The problem, as Loomis noted is that “fighting climate change means taking on huge corporations and gay marriage does not.” He also said that Americans have a special fondness for “freedom” issues. I think he’s wrong about that. But the fact of the matter is that same sex marriage doesn’t cost corporations a dime. So they don’t have a problem with it. Climate change is something that will hurt the current corporate structure of the world. I actually think that addressing climate change would be great for the world economy. But that’s not what corporate CEOs care about. And they certainly don’t care about anything that might happen more than a year or two from now.

Now some people may know that I’ve often dismissed drawing broader conclusions based upon gains in LGBT rights. And they might point out that usually I talk about how the LGBT community has an advantage in that it is evenly distributed among the large community. That’s still true. But that’s the reason that LGBT rights are not a good analogy for African American or Latino or basically any other minority group’s rights. And that is the mechanism by which LGBT rights have made major progress. But the corporate side is big in a different way. It isn’t that they helped a great deal, but it didn’t stand in the way.

When it comes to corporations, we aren’t just dealing with them wielding political influence. When I was studying this stuff in graduate school, there really wasn’t much in terms of global warming denial. Certainly the oil industry was finding any scientists it could that pushed against the developing narrative. And they were funding their own science. But they hadn’t figured out then that they didn’t even need to do science. They could just fund freaks like The Heartland Institute and pretend that they weren’t spouting nonsense. But even that didn’t seem to go all that well until they had Fox News to make global warming denial really big.

Part of the problem here is that if corporations were humans, we would all agree that they are psychopaths. They have no empathy and they are required by law to do whatever they can to maximize shareholder value. (You really have to wonder if the people who created that law weren’t psychopaths!) Now it is certainly true that some small number of corporations will see addressing global warming as being to their advantage. But most will not. And so they will continue on pushing the idea that global warming is just no big deal. Because millions of people dying in the coming decades — and even the possibly of a global mass extinction — is nothing compared to next quarter’s profits.

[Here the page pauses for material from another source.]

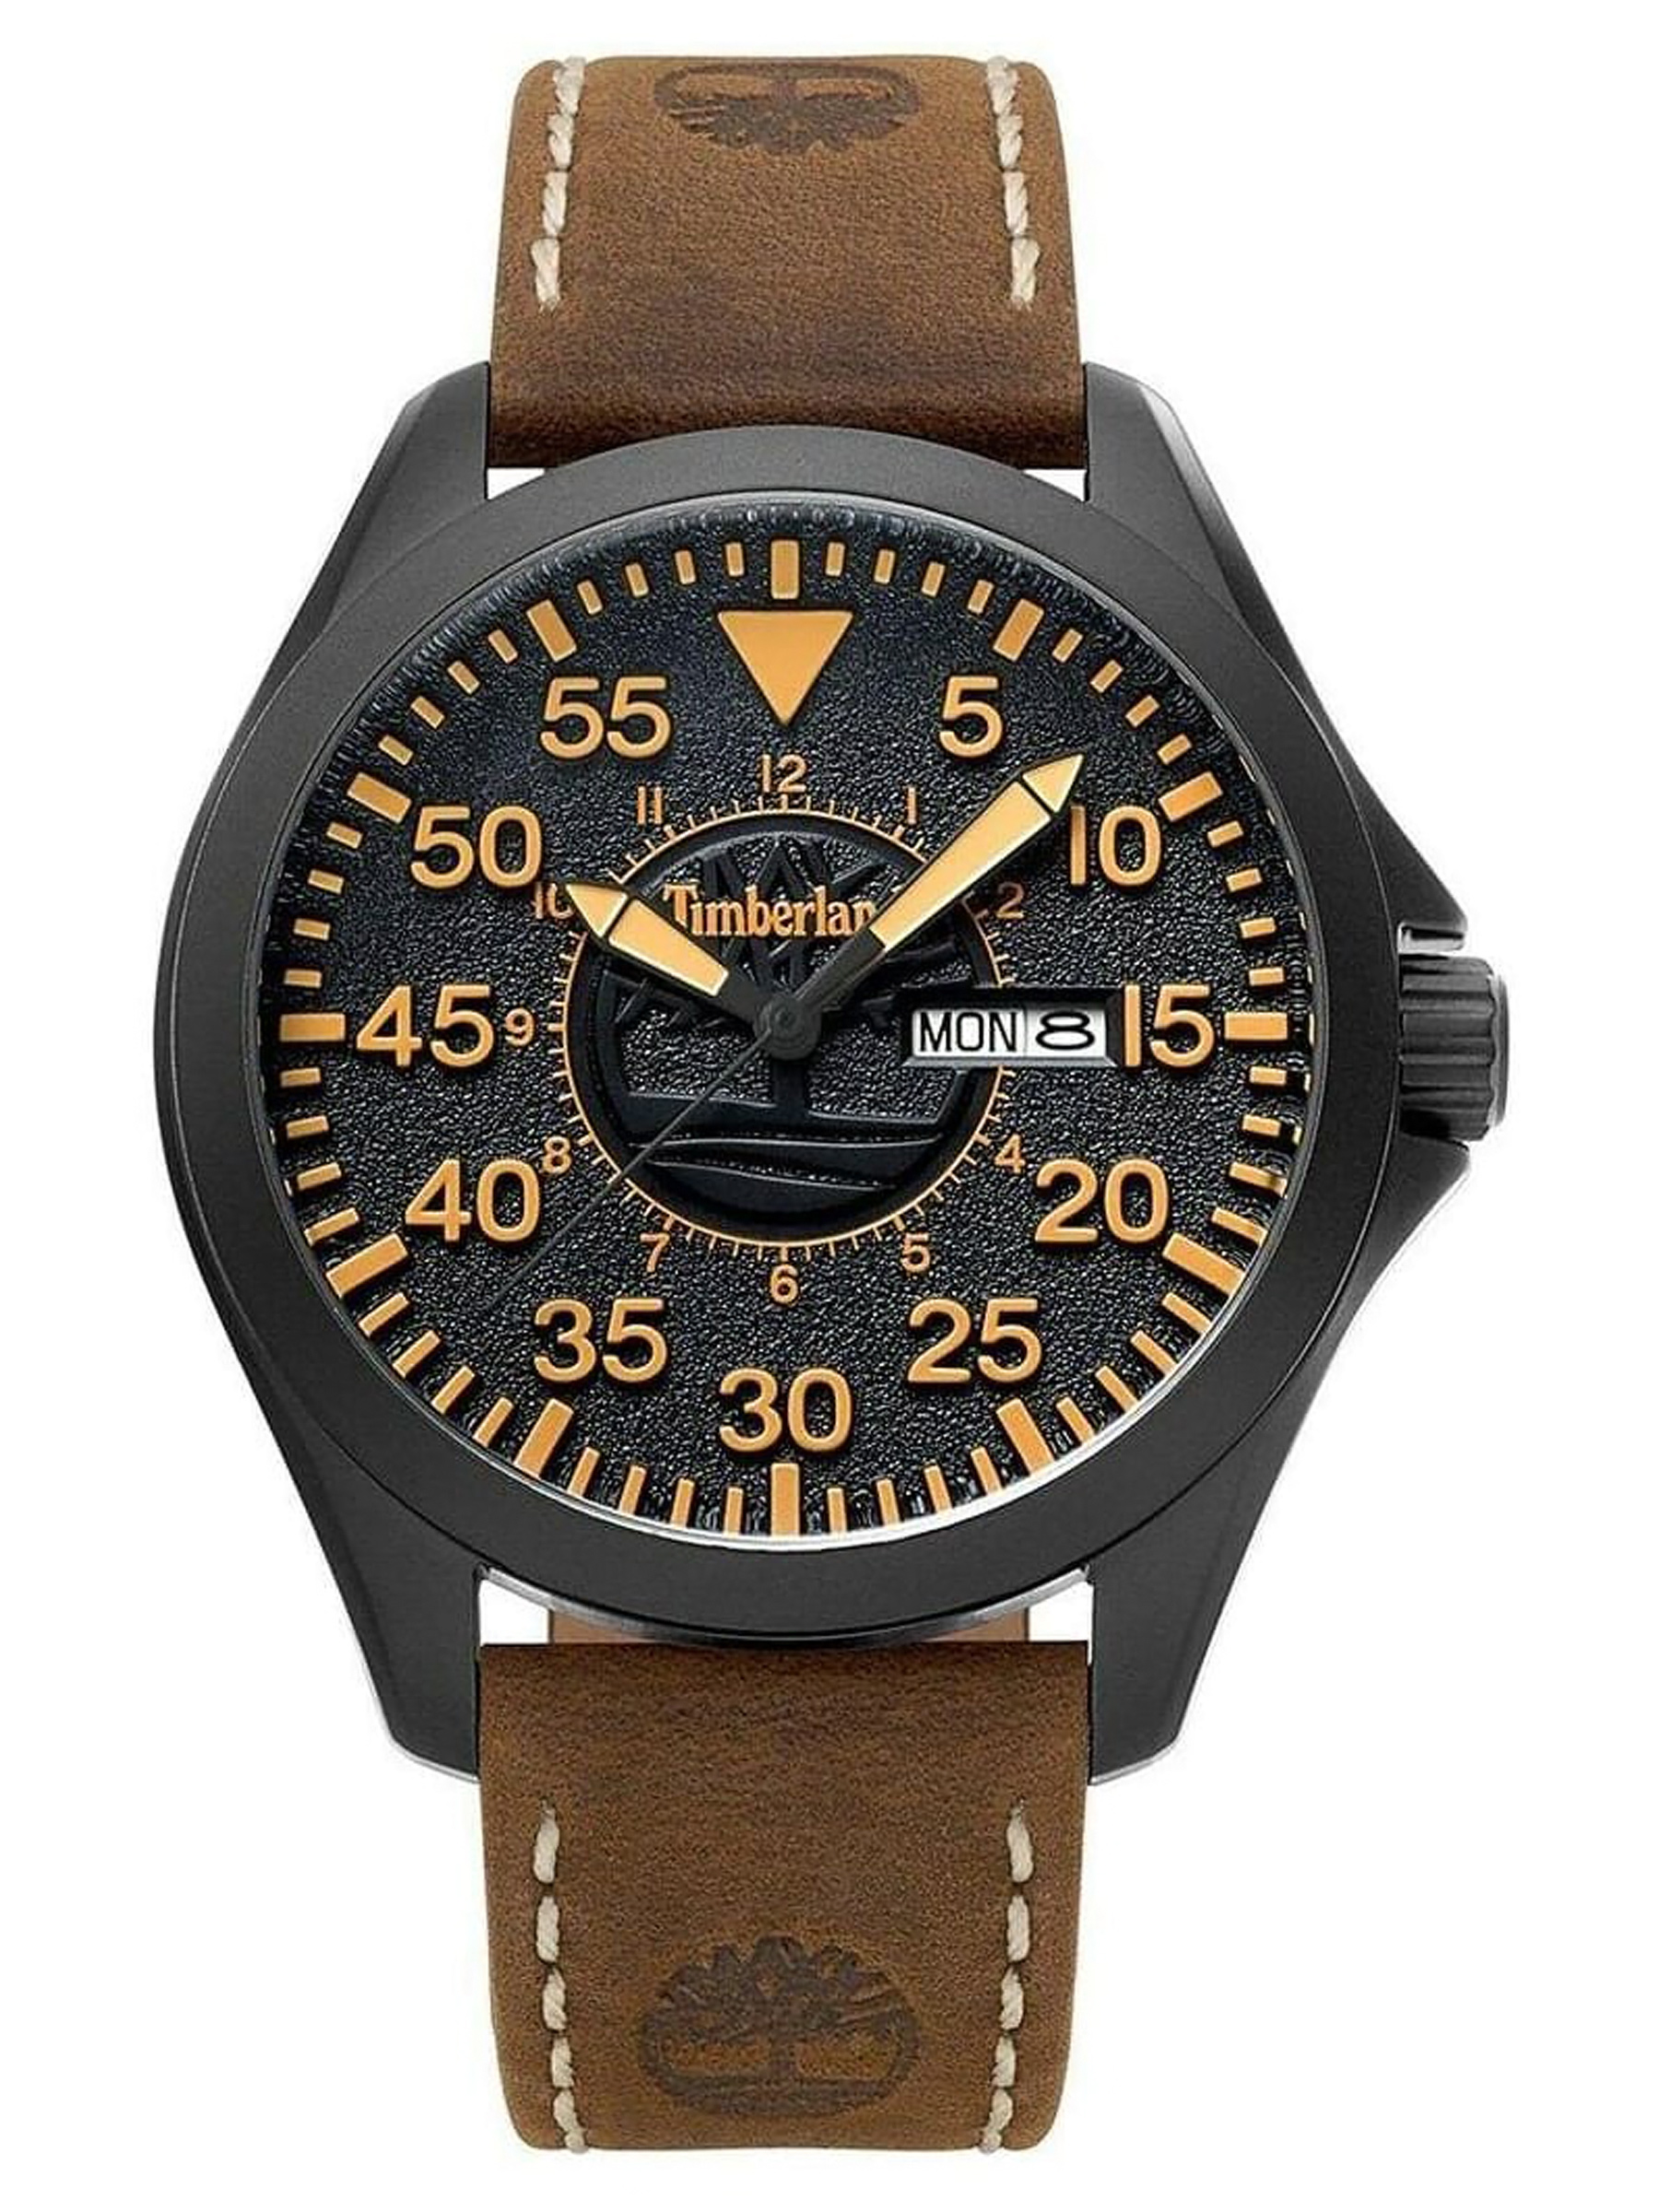 E-shop Pánske hodinky Timberland TBL.15594JSB/02 (zq002a)
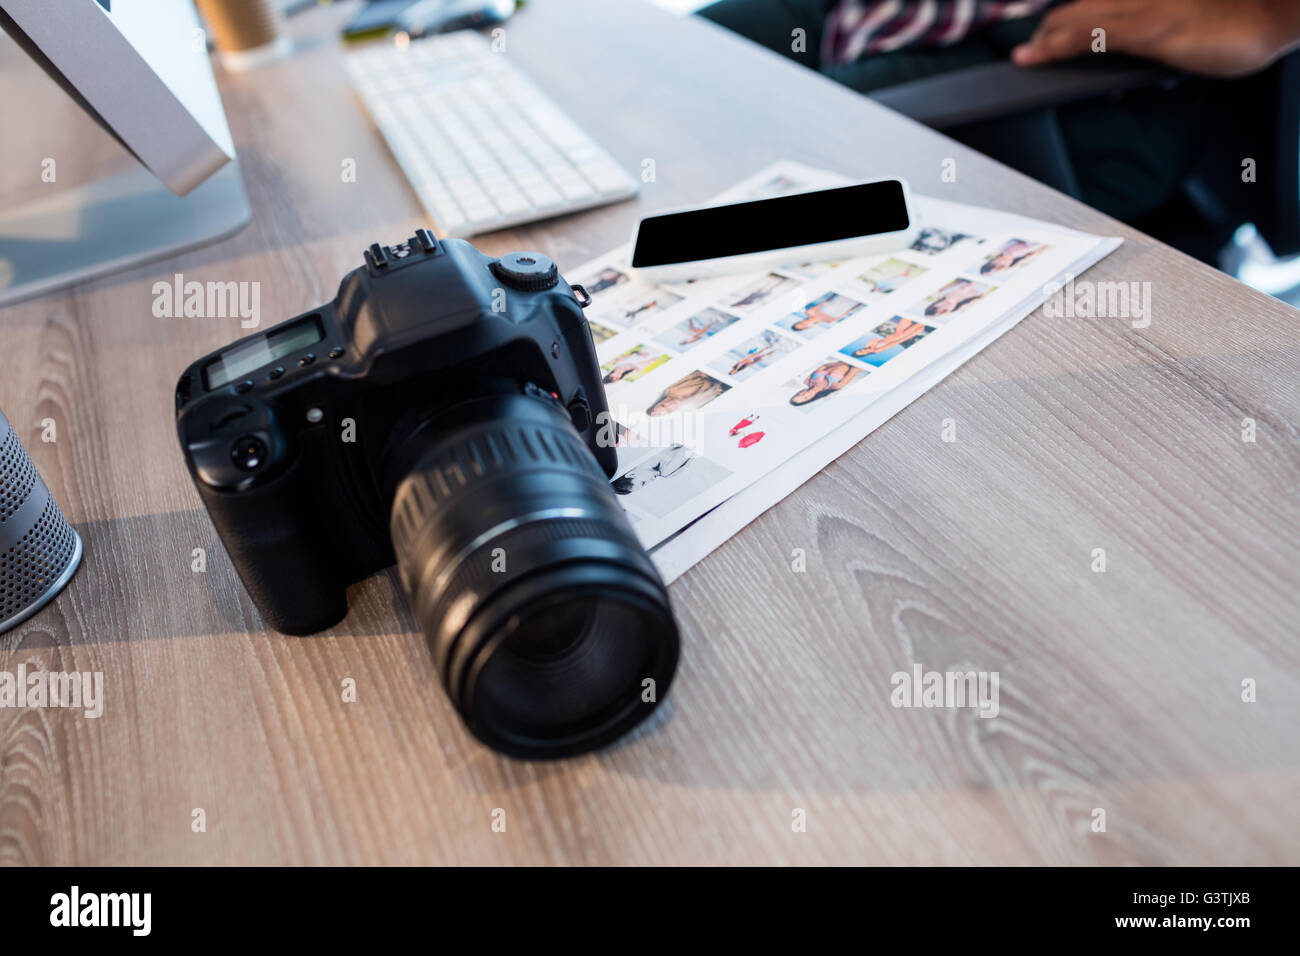 Fotocamera digitale e paperworks su una scrivania in ufficio Foto Stock

So no: there will not be a sudden change of policy on global warming like we saw with same sex marriage. As it is, same sex marriage is only legal because of a bare majority on the Supreme Court. If it were up the Congress, same sex marriage would be outlawed. Regardless, we head into global warming at full speed. And I know that people will look back on this time and wonder why we did nothing. “It was irrational,” they will say. And they’ll be right.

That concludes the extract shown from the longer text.